The ladies gave the heroes of the expedition a most enthusiastic welcome, Miss Elphys shedding tears of joy as Esperance told her how his heroic father had saved him from death at Maldar's hands.

The next evening, when the excitement had somewhat subsided and Monte-Cristo and his men had fully recovered from their fatigue, Fanfar began the story of his life, which will be related in the succeeding chapters.



Toward the middle of December, 1813, a man was riding through the Black Forest.

This man seemed to be still in the vigor of youth. He wore a long, brown surtout and leathern gaiters. His hair was worn in a queue, and powdered. Night was coming on, and Pierre Labarre, confidential servant of the Marquis de Fongereues, was somewhat weary and eager to get on.

"Quick!" he said to his horse. "Quick! They are waiting for us, and we are the bearers of good news!"

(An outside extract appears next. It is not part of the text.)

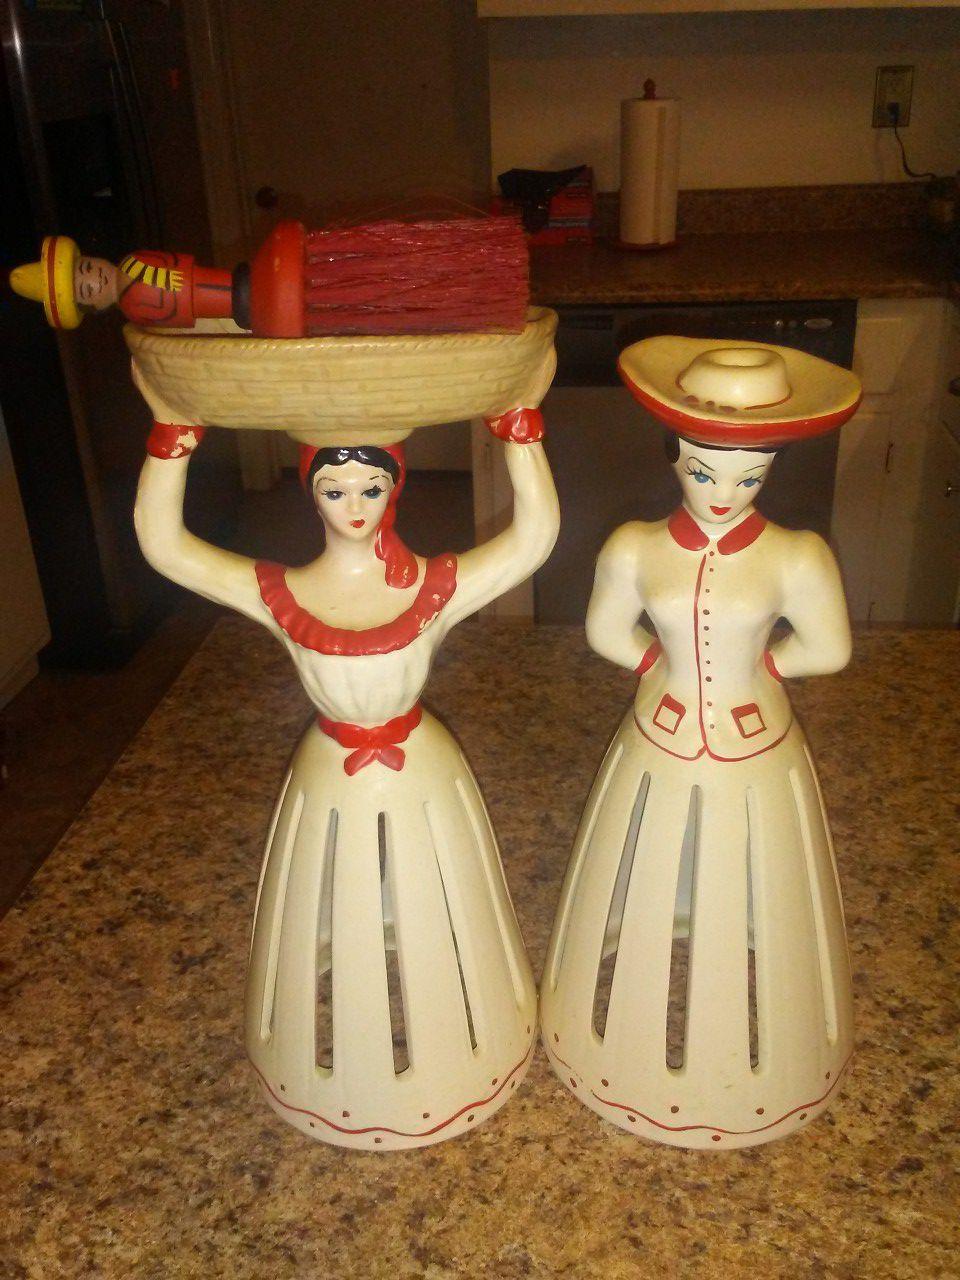 Vintage ceramic napkin holders

The animal seemed to understand, and accelerated his pace.

Suddenly Pierre started. He had reached a group of nine trees, one of which had been struck by lightning, making the group a conspicuous one. The rider listened as he pulled up his steed.

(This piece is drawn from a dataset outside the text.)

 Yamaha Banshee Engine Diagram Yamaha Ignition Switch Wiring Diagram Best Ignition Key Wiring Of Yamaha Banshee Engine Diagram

"Surely," he said to himself, "I heard the trot of a horse on the other side of the Nine Trees!"

The road widened here and divided. He laid his hand on his breast by an involuntary movement.

"The portfolio is safe, any way! Get on, Margotte." And he lifted his reins.

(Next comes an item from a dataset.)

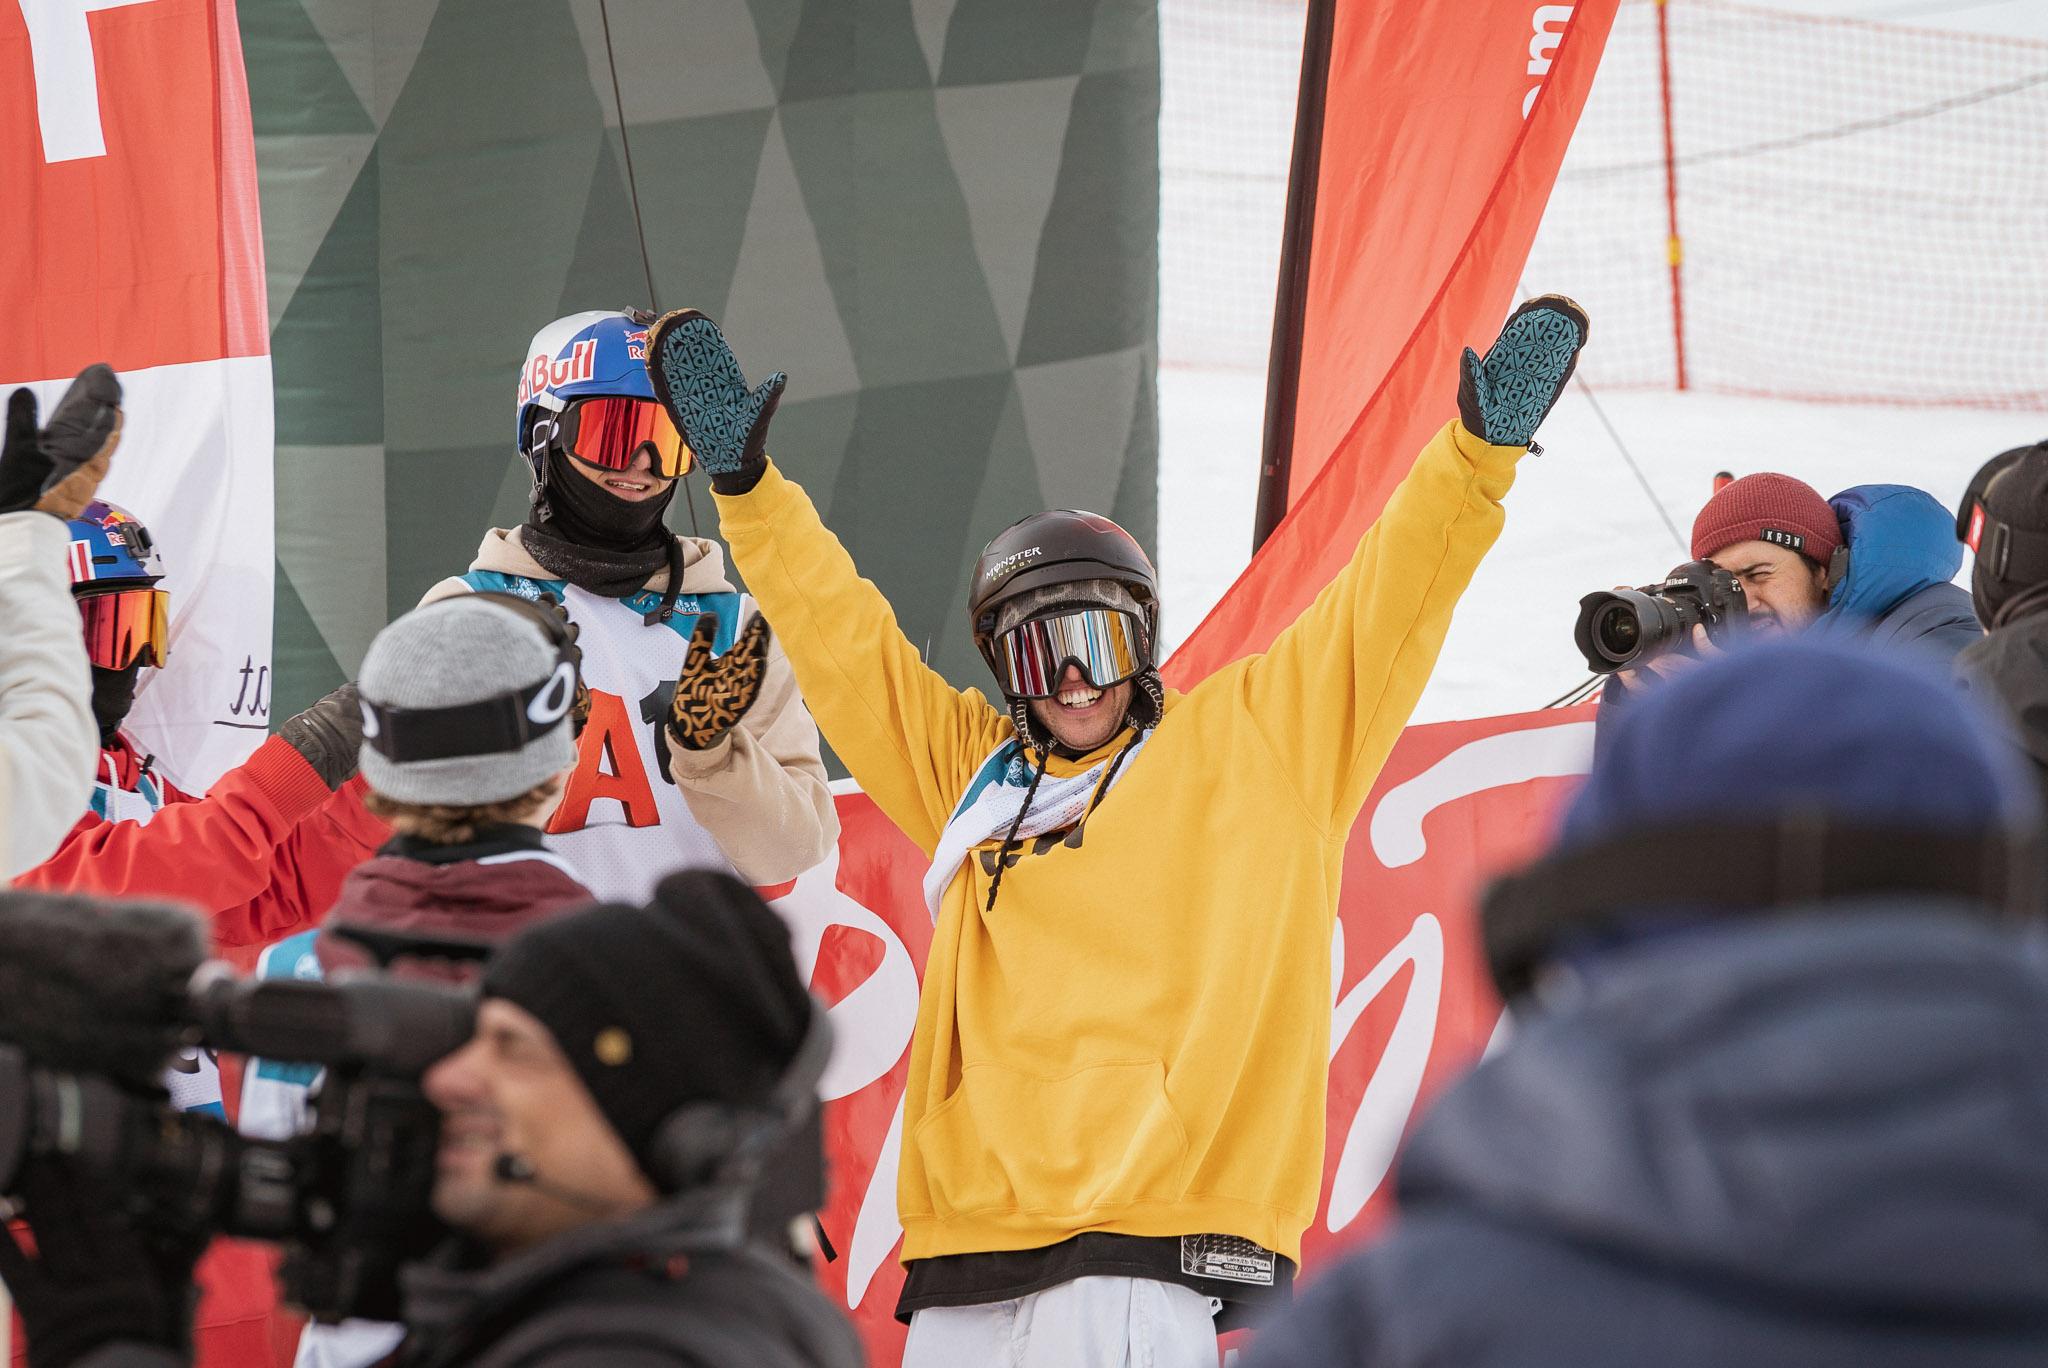 Holt den ersten Slopestyle Weltcup Gewinn seiner Karriere: Henrik Harlaut (SWE)

But, as if this movement were a signal, he heard distinctly a horse coming toward him, this time at a full gallop, and then Pierre saw a shadow pass some thirty yards away.

He drew out a pistol, and rode with it in his hand until he passed the cross-road, but he saw and heard nothing more. Perhaps he had been mistaken—it was only a messenger traveling the same road as himself. He had entered the path which in a half hour would take him into Fribourg, when suddenly there was a flash and a report. A ball struck Pierre in the breast—he fell forward on the neck of his horse. A man came out of the shadow on the side of the road. This man was wrapped in a cloak. Just as he laid his hand on the bridle of the horse, Pierre straightened himself in his saddle.

"You are in too great a hurry, bandit!" he shouted, firing his pistol at the assassin at the same moment.

The man uttered a terrible cry, and then, with a superhuman effort, sprang into the wood. Pierre fired again, but this time hit nothing.

"It was a good idea of mine," he said, rubbing his chest, "to use this portfolio as a breastplate. And now, Margotte, carry me to Fribourg without further adventures!"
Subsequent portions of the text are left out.